Looking only at the peach floor, he nodded with a delicacy of significance lost on the Latina. The door was noisy, the hinges on the jamb squeaking, the metal of the loose knob rattling and clicking as Mariela twisted it and pulled the door closed twice to get it to shut.

From an inner pocket Stagg pulled a spiral pad of unlined paper, pale green. He scrawled the date on the first blank page. “You wouldn’t mind,” he said, moving toward a tall halogen tower near where Mariela had stood.

“It’s dark,” Jen said, nodding at the tower. These were the first words she’d spoken to him, now or at the crime scene. He twisted on the light and followed her gaze out the slatted blinds, still open, a second geometry overlying the gridded glass. Dusk was passing. The apartments were mostly lit.

Stagg sat down in a cavernous chair the color of cognac and faced Jen across the coffee table.

“You know the man that did this?” Stagg asked.

“No. Or only by reputation.” A pained half-smile flitted across her face.

“And this issue, the violence, it’s well known.”

“To the girls?”

“Right.”

“You couldn’t not know, really. I don’t see how you could. Well,
you
, I can’t say. But us.”

“I’d still have to start somewhere, whatever I know.”

“There’s been no chance to forget either,” she continued. “Two months go by, then this,” she said, with a look at her braced collarbones. “And the start?”

“Yes?”

“That must go back a long time.”

“The first woman you heard about like this.”

“Oh, that’s simpler. Nine months, I think. Mariela will know better. She’s been around longer.”

“And you?”

“Yes?”

“You started when? The workers involved, who might have information, the department’s not going to bother them.”

“The workers.”

“The sex workers.”

She brushed away a long dark curl of hair that fell from behind her ear across her mouth. “Not long ago, at least around here. Three months maybe. Three and a half months.”

“You started working the neighborhood where you were found.”

“I’m not a walker.”

“Okay.”

There was a tightening in the exchange. Stagg could smell his shoes lost to the deluge, the rot. He wondered if she could too.

“He took me there,” she said. “I was working out of a club. No dancing, just escorting. Most of the dancers do it. The club’s mainly a brothel. The dancing is for show.”

“It has rooms.”

“The usual private dance ones. But not that many, and not the kind a lot of johns want, real bedrooms. The girls will go with them then. The hotel we use is down a few blocks. Someone had called and scheduled with me, asked for me, from the club. The hotel knows what we use it for, so it’s safe for us, in a way, because of that. So they sent me off to meet him, in the lobby. But he was waiting for me at the intersection, outside the hotel.”

“In a car.”

“He was standing outside it with the door open. And he called me by my name, my work name. Lisa.”
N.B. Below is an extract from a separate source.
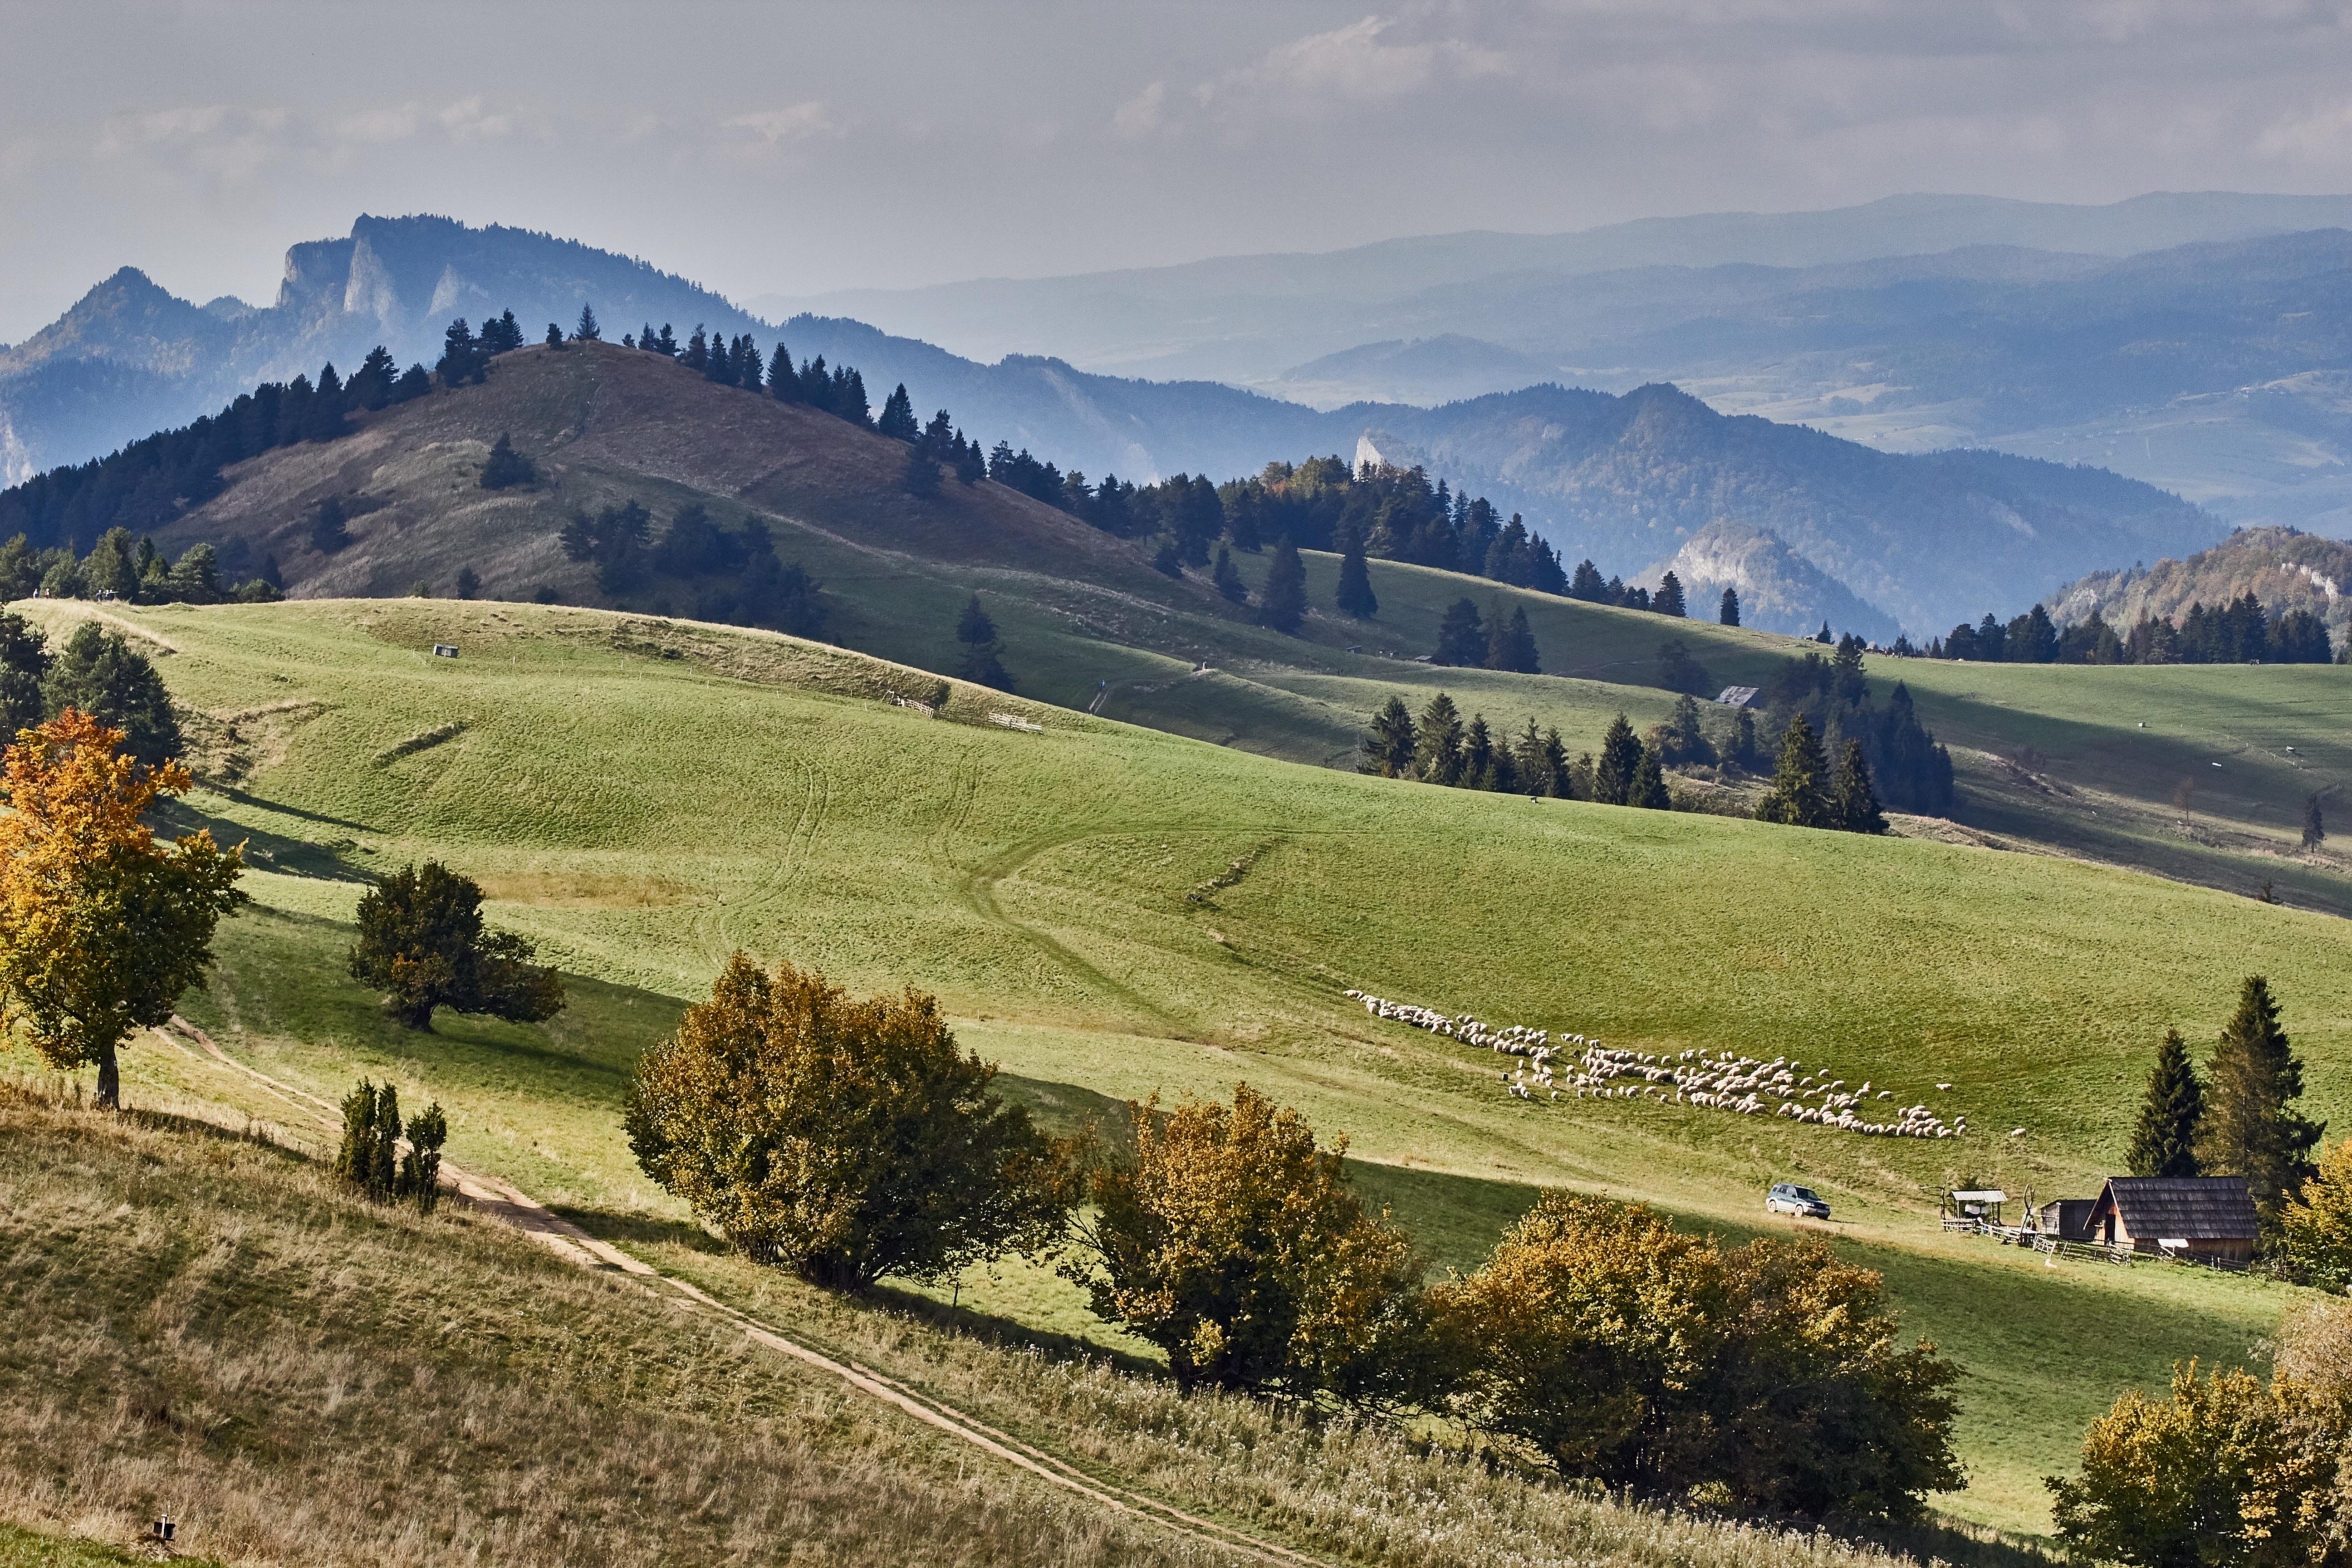 naturalne zdjęcia krajobrazu

The ordinariness of the name struck him hard.

“You knew it was him?”

“I thought I recognized his face. But not really. I hesitated near the car. He said we could just do things there, down the road, no need for a room. Normally you don’t do that, it exposes you, like the girls in the street. But this was arranged through the club. Anyway I couldn’t really deal with a cancellation that night. I couldn’t. And he was clean cut, a pressed suit, seemed like a businessman or a lawyer taking care of himself for the night. Handsome too. The tip was going to be good. So I got in, this sedan, a Lexus, I think.”

“And the color?”

“Green, but like it was black. It took lights to see what it was, and—I’m not sure how to put it—it had this depth to it. Then inside it was all white leather. He started the engine, I asked him what he needed. He said he was thinking about it, had to see the girl before he knew, and maybe we should drive, find the right place first. That didn’t sound so strange, from a man looking like he did. So he took me out past the tenements, the cash-check shops, all the dust and dirt, toward the freeway. The luxe hotels were just across the way, two or three exits. Maybe he only wanted something nice.
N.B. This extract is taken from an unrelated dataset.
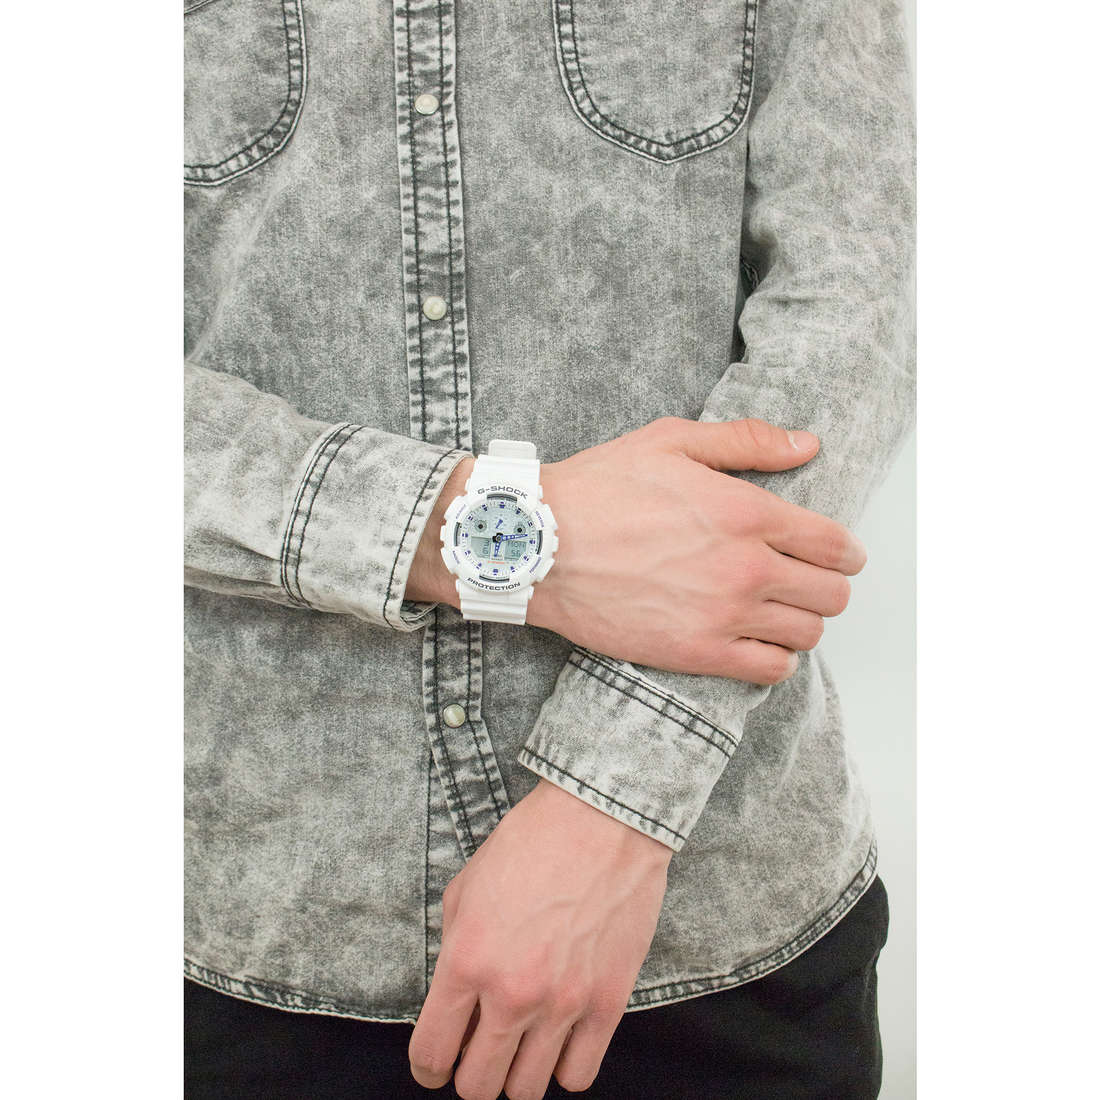 Casio numériques G-Shock homme GA-100A-7AER photo wearing

“But just as it looked like we were going to get on the freeway, he pulled up under the overpass. I looked at him, a little surprised. But not really, he hadn’t said we were going anywhere in particular.

“He said he’d figured it out, what he needed. ‘From what,’ I asked with a light little laugh. ‘You haven’t looked at me since we got in.’ He said just from breathing me in. The air, that was all it took, most of the time. ‘What, then?’ I said. He said he needed to talk to me. ‘That’s all?’ He said he wasn’t sure, that ‘the air doesn’t settle everything.’ Which was a pretty thing to say, I thought.

“Finally he turned to me. He hadn’t looked at me once yet in the car. His eyes were calm. There was even a warmth in them, on and off. He started asking me how long I’d been working, doing this, the reasons, how long I intended to carry on. You know, up until the questions, I hadn’t really been concerned, but I started to think—”

“He spoke with the other women at length too,” Stagg said, thinking aloud more than talking to her. “That’s what they’ve said.”

“But that wasn’t it, some pattern. Even if nothing at all had happened, the questions, the extent, it would have still stuck out as… unnecessary. From a john. They do want to talk sometimes, even
just
talk, that’s not that strange. But there was no charge, no tinge of sex in his voice. There wasn’t any pain in it either. He wasn’t looking for a listener, confiding in strangers—that happens too. He just seemed interested, intellectually, I guess, in my… history. And that doesn’t really happen. So I started to feel a problem coming, whether it was actually him, or just someone like him.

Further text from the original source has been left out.